Need help estimating the performance of this algorithm

gaac510 · May 14, 2021, 2:05am

The below function is for finding the minimum number of substrings a string (containing only lower case letters; min length 1) can be split into where each substring contains no repeated letters. I thought the function should have both space and time complexities of O(N) when S becomes significant in length, but somehow, after passing all correctness tests, it failed a performance test (for a pre-interview coding test).

Just wanted to see if people agree with my estimation of the function’s space and time complexities?

Also, could there an O(log N) solution to this challenge?

To further explain the challenge, for example, 'abab' can be split into

4 substrings 'a' 'b' 'a' 'b' where each substring doesn’t contain repeated letters; or
3 substrings 'ab' 'a' 'b' / 'a' 'ba' 'b' / 'a' 'b' 'ab' where each substring doesn’t contain repeated letters; or
2 substrings 'ab' 'ab' where each substring also doesn’t contain repeated letters.

In this example case, the function should return 2.

function solution(S) {
  let m = {}; // m for memory.
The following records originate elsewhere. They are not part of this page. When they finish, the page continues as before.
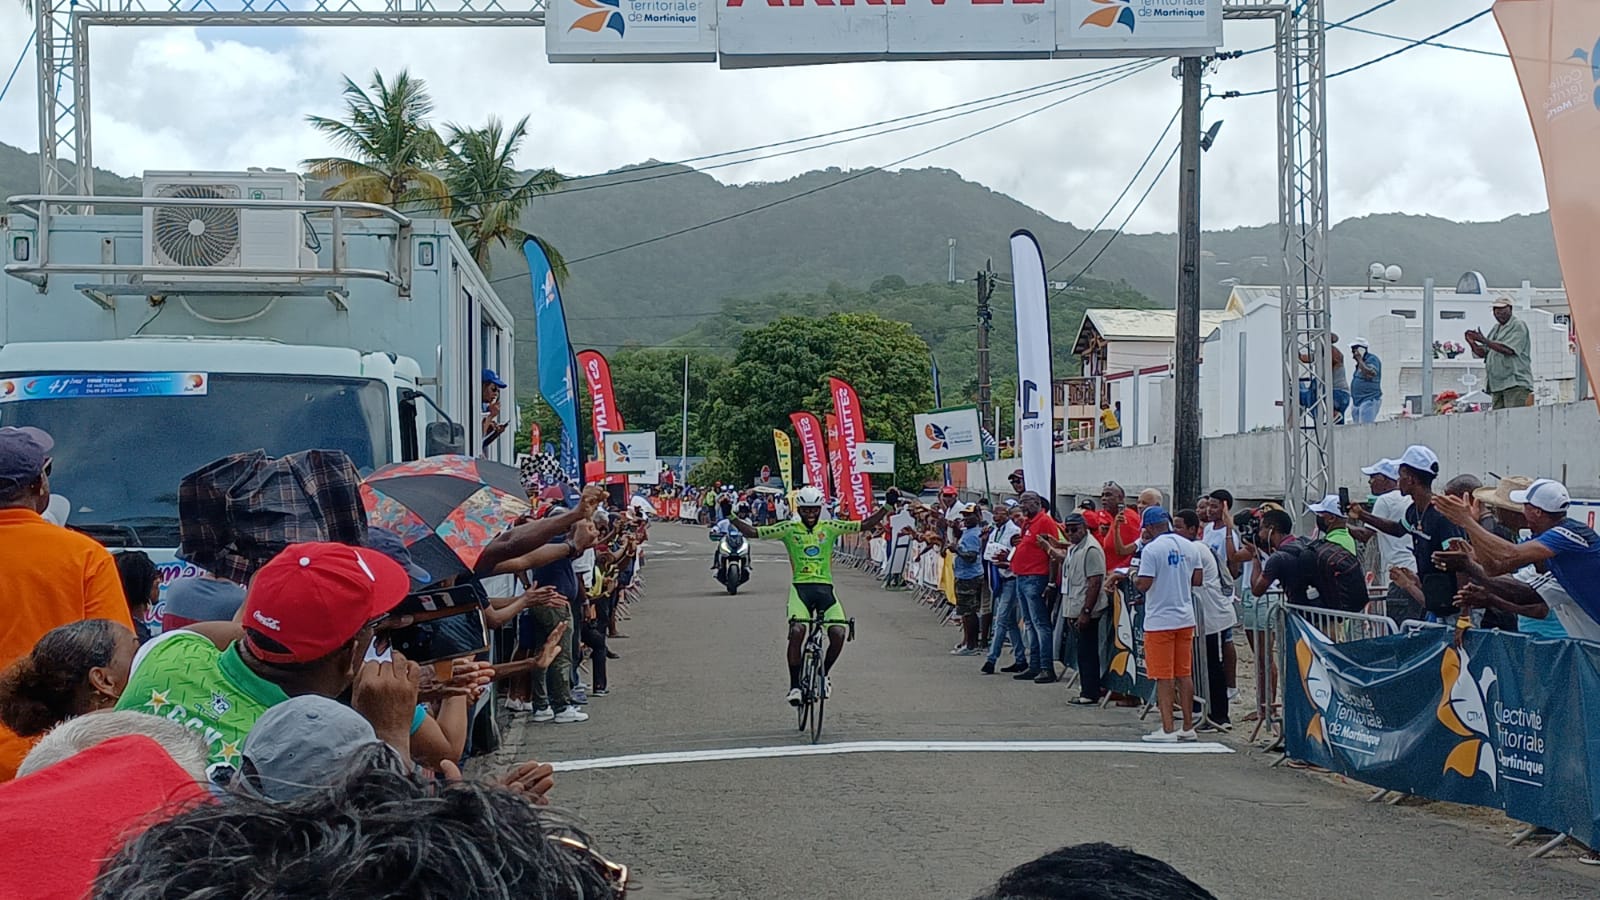     Joseph Areruya remporte la première étape du tour cycliste de Martinique

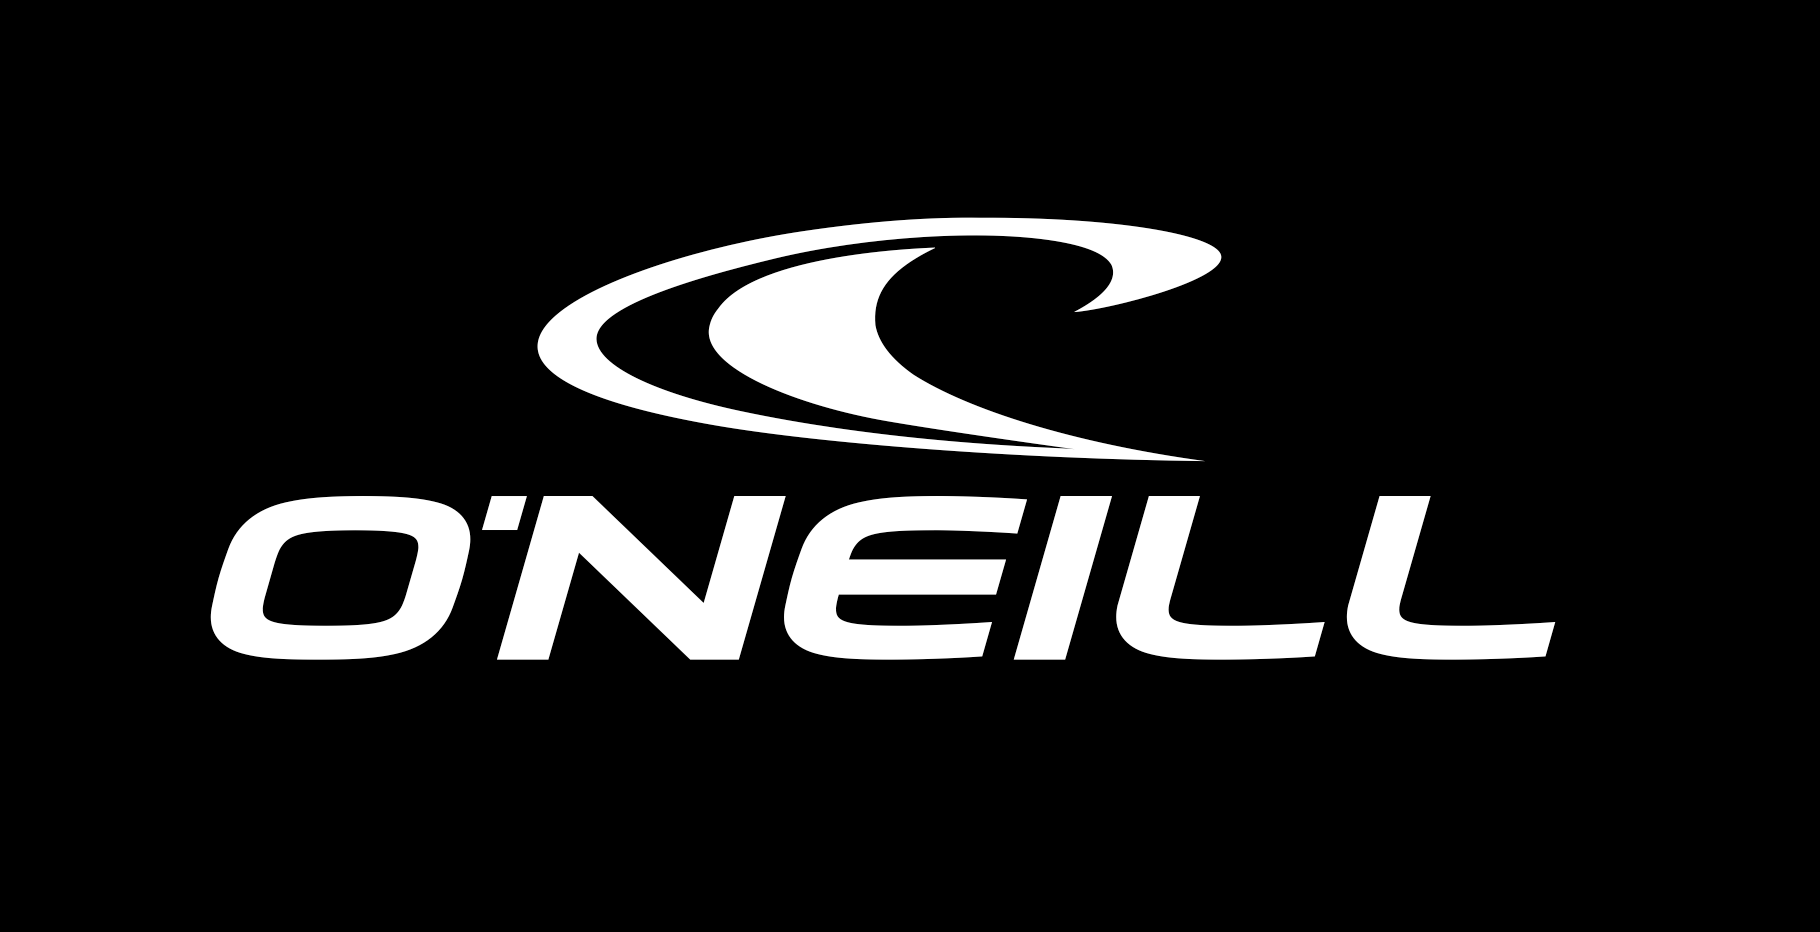 O'Neill Logo - O'Neill logo. :D. Surf logo, Logos, Clothing brand logos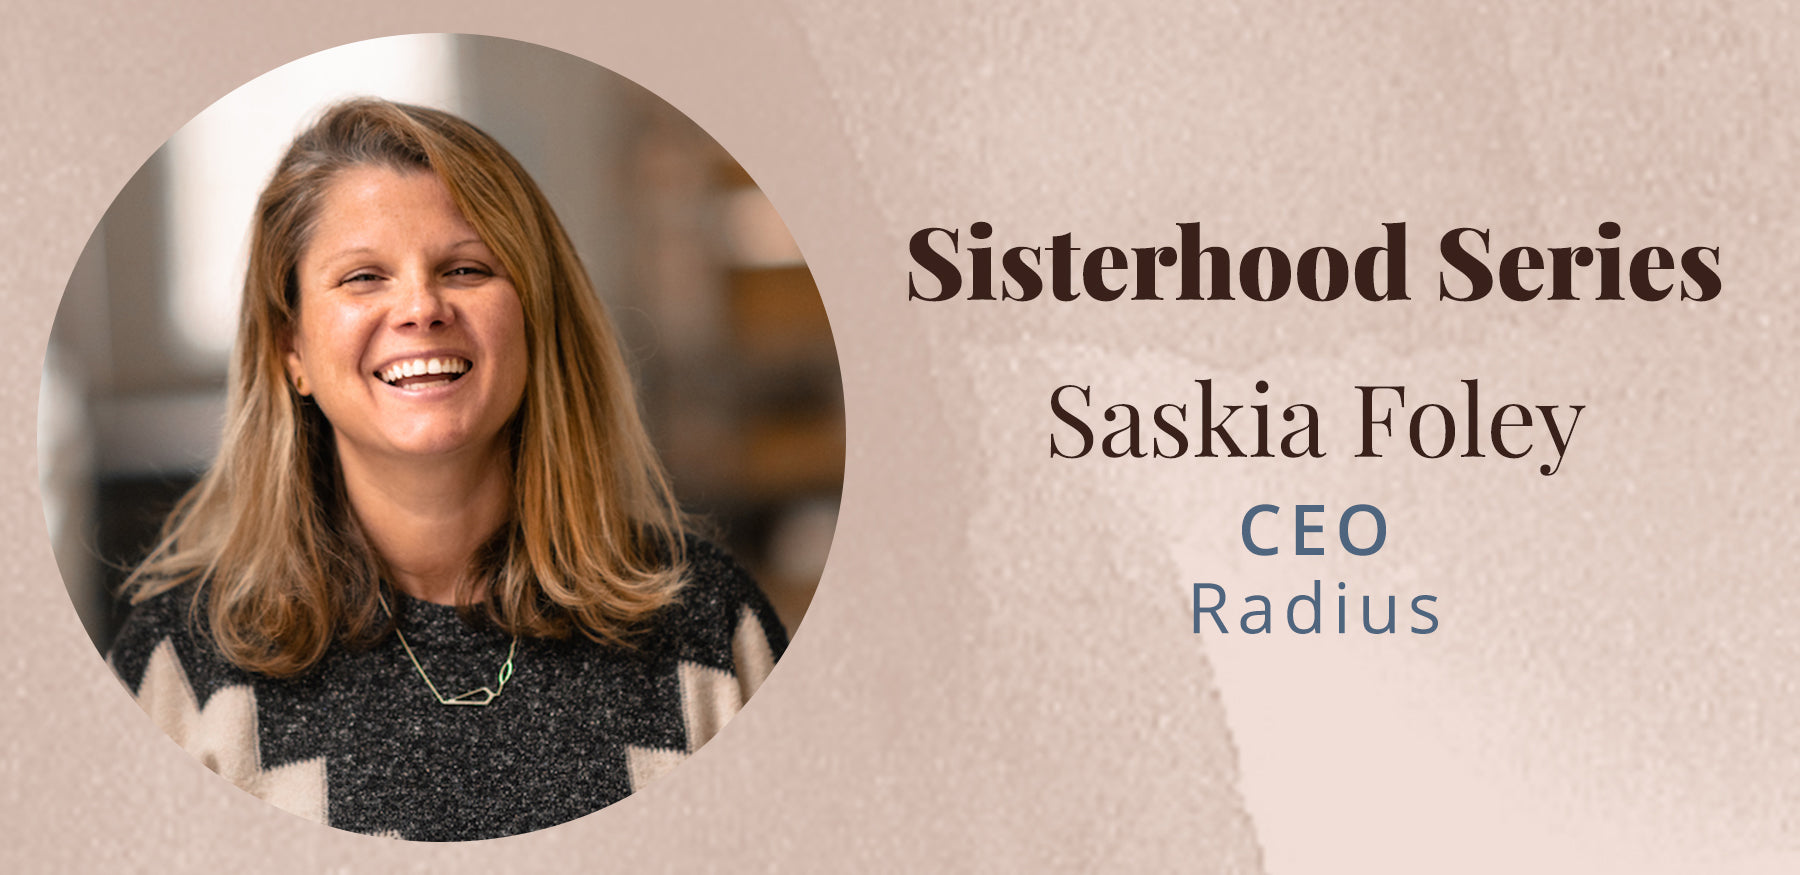 <!--The Sisterhood Series with Saskia Foley-->

Property count shouldn't exceed 26.
  let a = 1; // a for answer.
  for(let i = 0; i < S.length; i++) { // Loop through every character of S.
    let c = S[i]; // c for character.
    if(m[c] === undefined) m[c] = true // Remember a never seen character.
    else { // Else if has seen the character...
      a++; // ... start a new substring, and...
      m = {}; // ... clear memory, and...
      m[c] = true; // Remember the character being checked.
    }
  }
  return a;
}

bbsmooth · May 14, 2021, 3:54am

Your solution is definitely linear time. Did they give you any details as to why it failed the performance test? I’m not seeing any way to make this better than O(n), but that could be because I’m just not that creative.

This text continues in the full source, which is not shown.